The benefits of gardening are well-documented here and elsewhere, so I won’t belabor the point. Let’s just say: GARDENING ROCKS! Once your kids and pets are occupied, you’ll have that much more time to devote to your little patch of earth. Make it your own! Plant your favorite veggies and draw in pollinators with flowers a-plenty.

Keep it Safe

Before you plant a seed or start, be certain it’s pet and kid safe! Many ornamental plants, such as euphorbias or daffodils are toxic, and some, like oleander, can be deadly. Do your googles.

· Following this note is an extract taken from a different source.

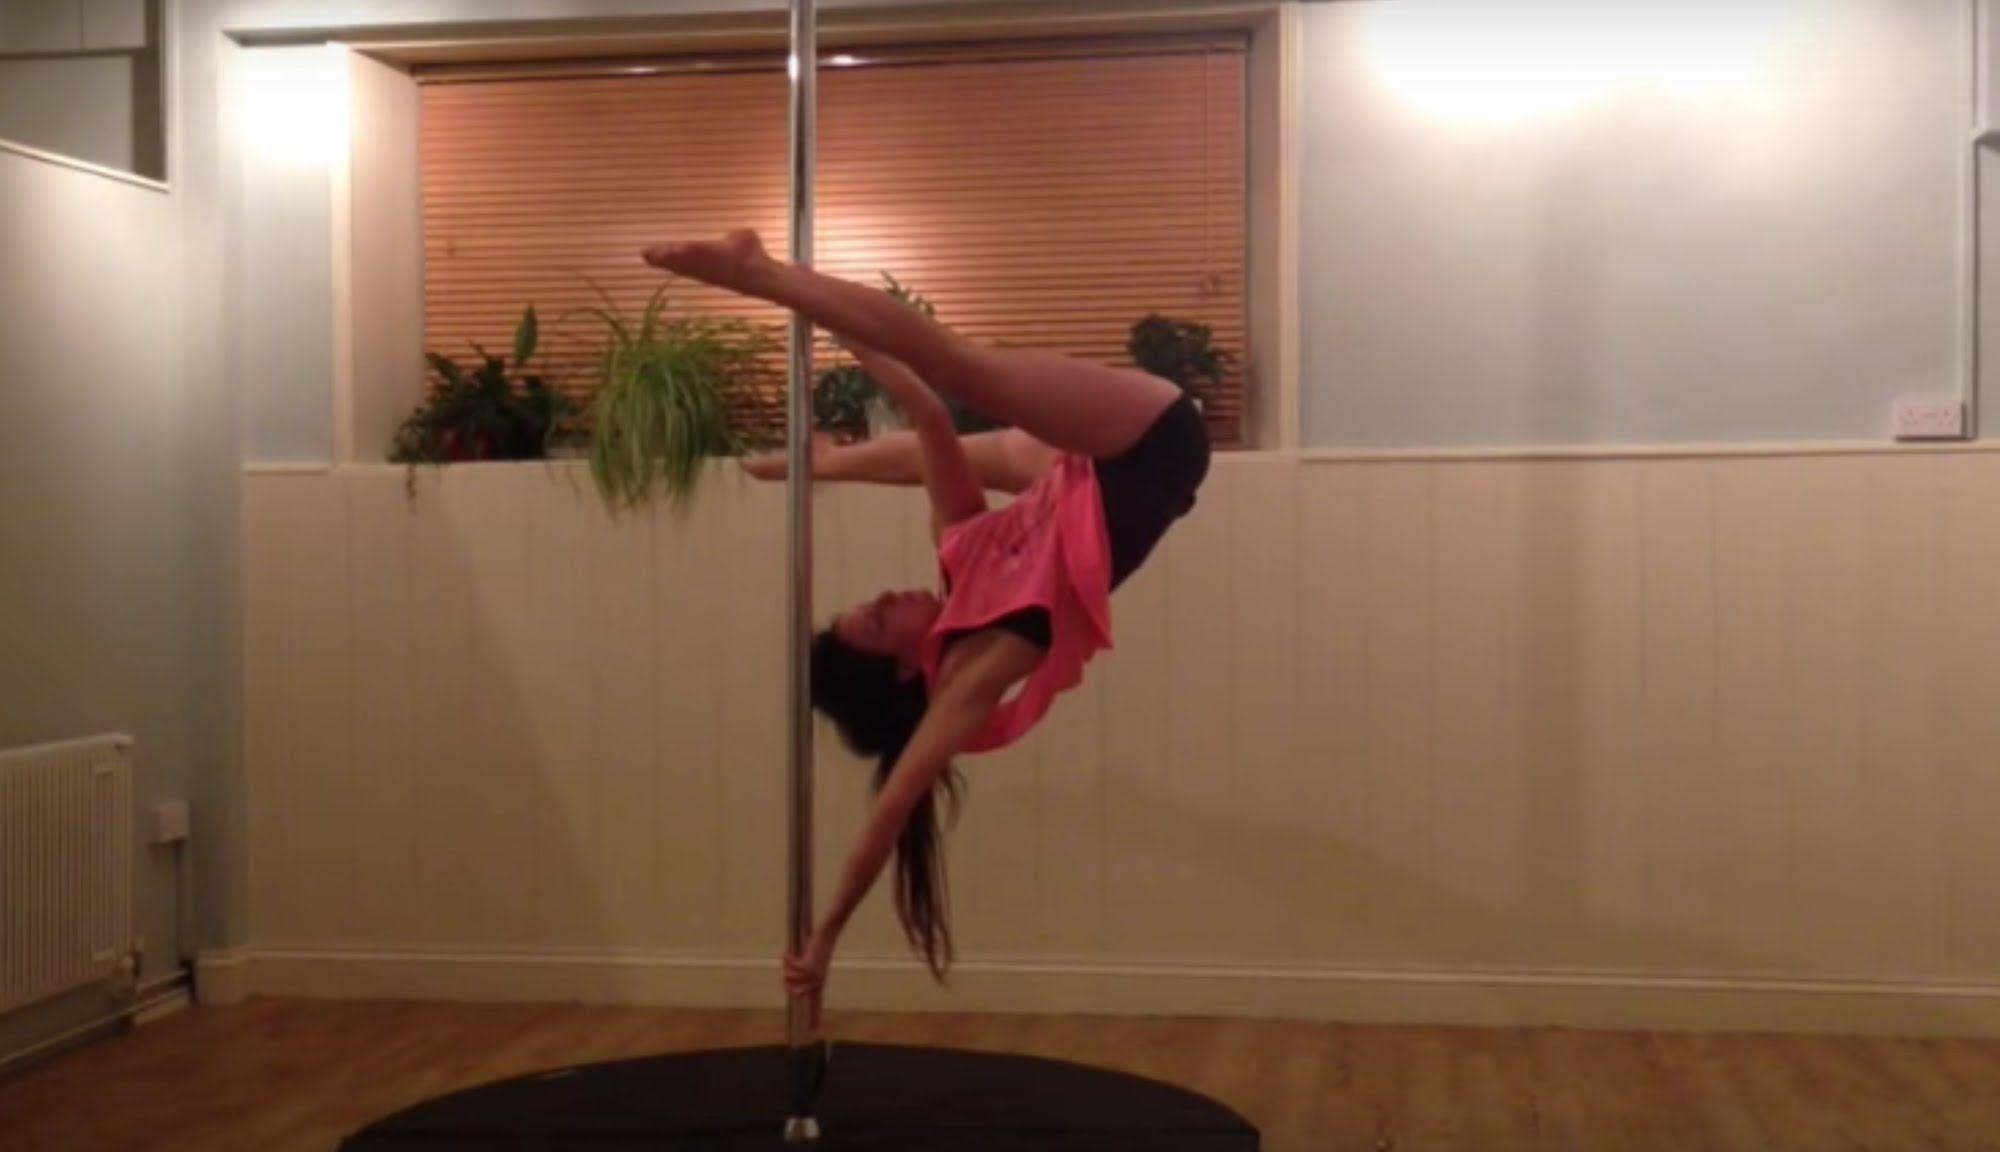 Park Art My WordPress Blog_Beginner Pole Dancing Lessons Near Me

Another hidden danger in the garden is mulch! Most wood based-mulches are fine, but those made of cocoa bean shells or rubber are dangerous for Rover to ingest. Keep it natural!

Bloom and Grow

As is so often the case in matters garden-related, planning and forethought pay out in dividends. Devote some time to creating an outdoor space the whole family grow and you’ll reap rewards in the form of edible, medicinal, and ornamental crops, and in the less tangible; time spent together with your beloved family that will nurture and strengthen the bonds between you. Plant the seeds of harmony and fellowship today to blossom together as a family for years to come.